Если книга «Наследники» была новаторской, то прежде всего потому, что предлагала новый способ говорить о культуре, принимая в расчет предпосылки различных культурных практик в студенческой среде и, конечно, за ее пределами. Поскольку доминирующий дискурс о культуре неразрывно связан с «внутренней» трактовкой их содержания (opus operatum), то научная точка зрения, напротив, предполагает анализ отношения к культуре (modus operandi), с ее образцовыми моделями и в ее различных модальностях. Принципы соответствия здесь были существенным образом скорректированы. Лишившись защитной оболочки снисходительности, как в случае туземцев, культурное содержание оказалось подвергнуто осмыслению в связи с очень разнящимися по социальному определению универсумами, объединенными в этом содержании благодаря единому организующему принципу — габитусу, действующему как посредством разума, так и посредством тела, выражаясь в жестах и манерах, но также и во вкусе (и его отсутствии). Основной инвариант, на который была направлена работа по прояснению и уточнению — габитус доминирующих — в различных областях и обстоятельствах характеризовался такими чертами, как непринужденность, естественность, изящество, а также признаками раннего знакомства с высшими ценностями, уверенностью, обеспечивавшей дистанцию в отношении общих правил, принуждений и необходимости. Это вúдение ставило под вопрос некоторые неявные предпосылки той точки зрения, которую интеллектуалы склонны иметь в отношении «буржуа», и вскрыло фундамент тайного согласия, этот дух близости, который объединяет доминирующих — буржуа и интеллектуалов — несмотря на наиболее очевидные различия, существующие между ними.
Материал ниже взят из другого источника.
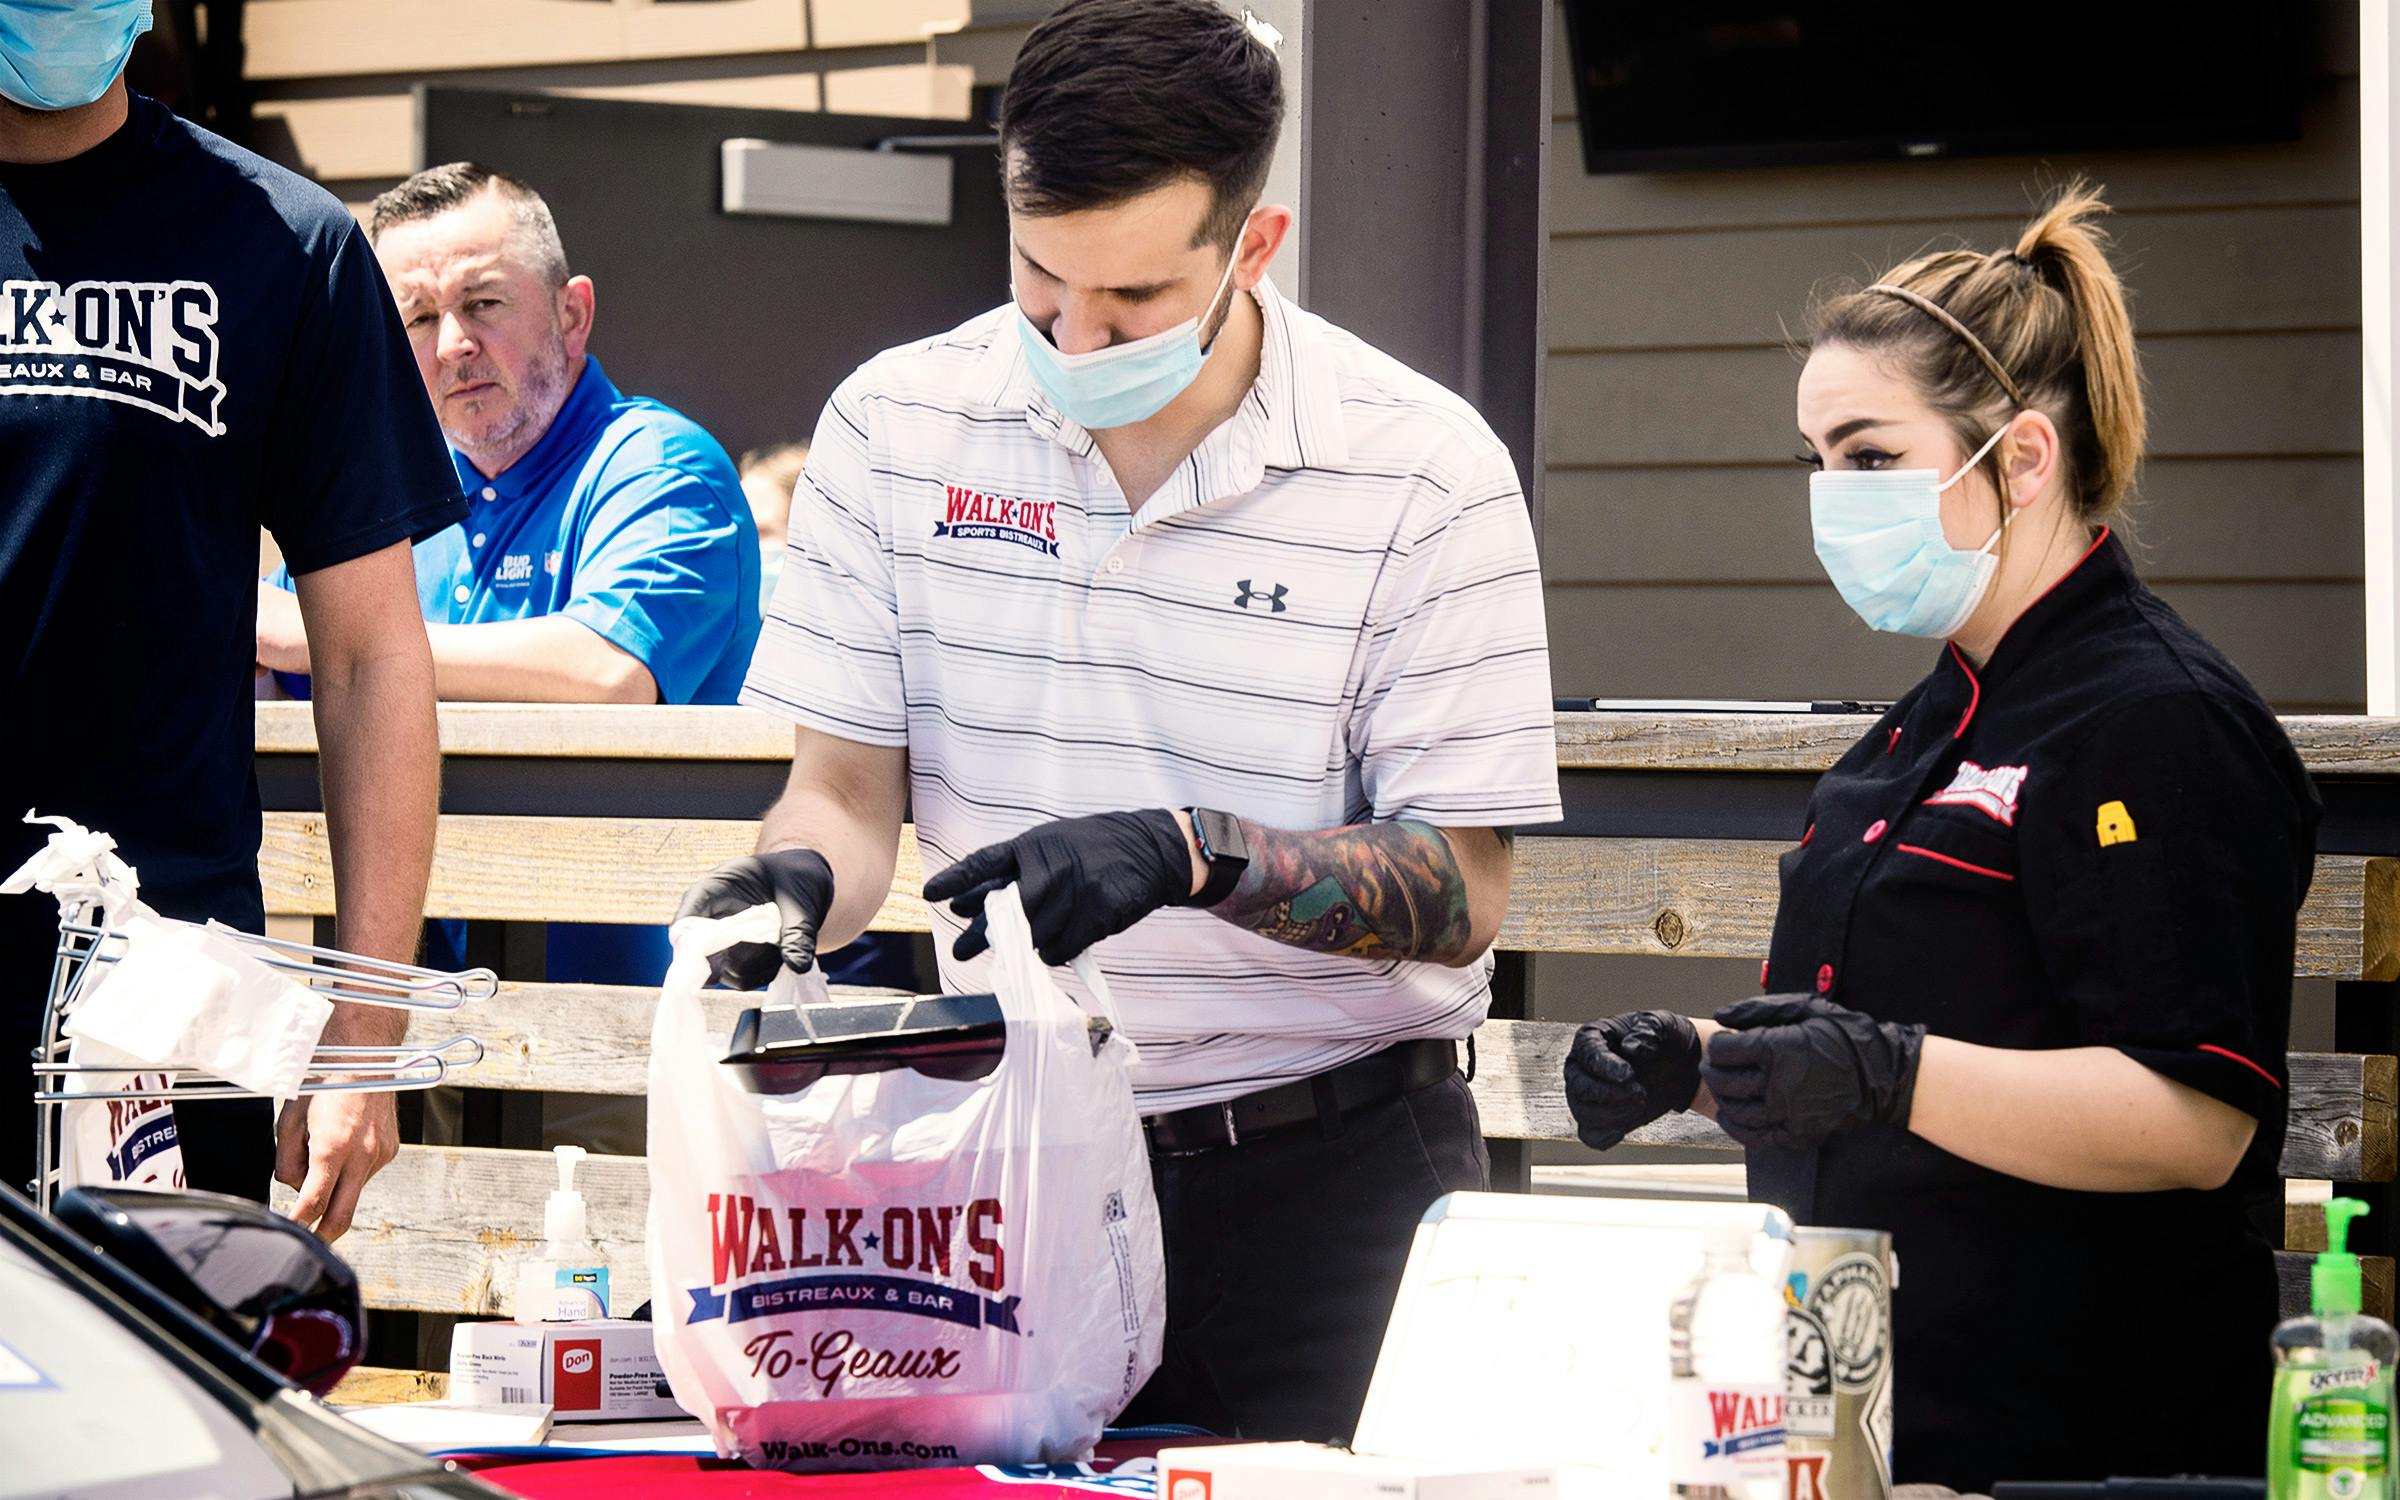 Walk-On's Sports Bistreaux general manager Fernando Guzman and executive kitchen manager Presley Parker bag meals to hand out during the restaurant's Furlough Kitchen by Walk-On's event in Tyler on April 30, 2020.

Приоритет, отданный практическому чувству в форме «отношения к культуре», обозначал или, лучше, иллюстрировал революцию в научном представлении о социальном мире, которую можно было бы назвать коперниканской: объективное знание включает знание условий объективации. Осмыслить условия наследования не значило взяться за один из множества объектов, это значило предоставить средство интеллектуального освобождения по отношению к любому наследству, обнаружить форму немыслимого не в тайных основаниях так называемой «цивилизации Запада», как это делают теоретики, но в негласных схемах (безобидных и действенных), определяющих и ограничивающих легитимное мышление. И это грозило обескуражить всех тех, кого специфический капитал превращал в теоретиков и кто, ожидая от науки «теоретического» взгляда в споре о допустимых и признанных вариантах выбора, обнаружил, что теория практики предназначена для использования также и в отношении «теоретических» сюжетов и даже философии.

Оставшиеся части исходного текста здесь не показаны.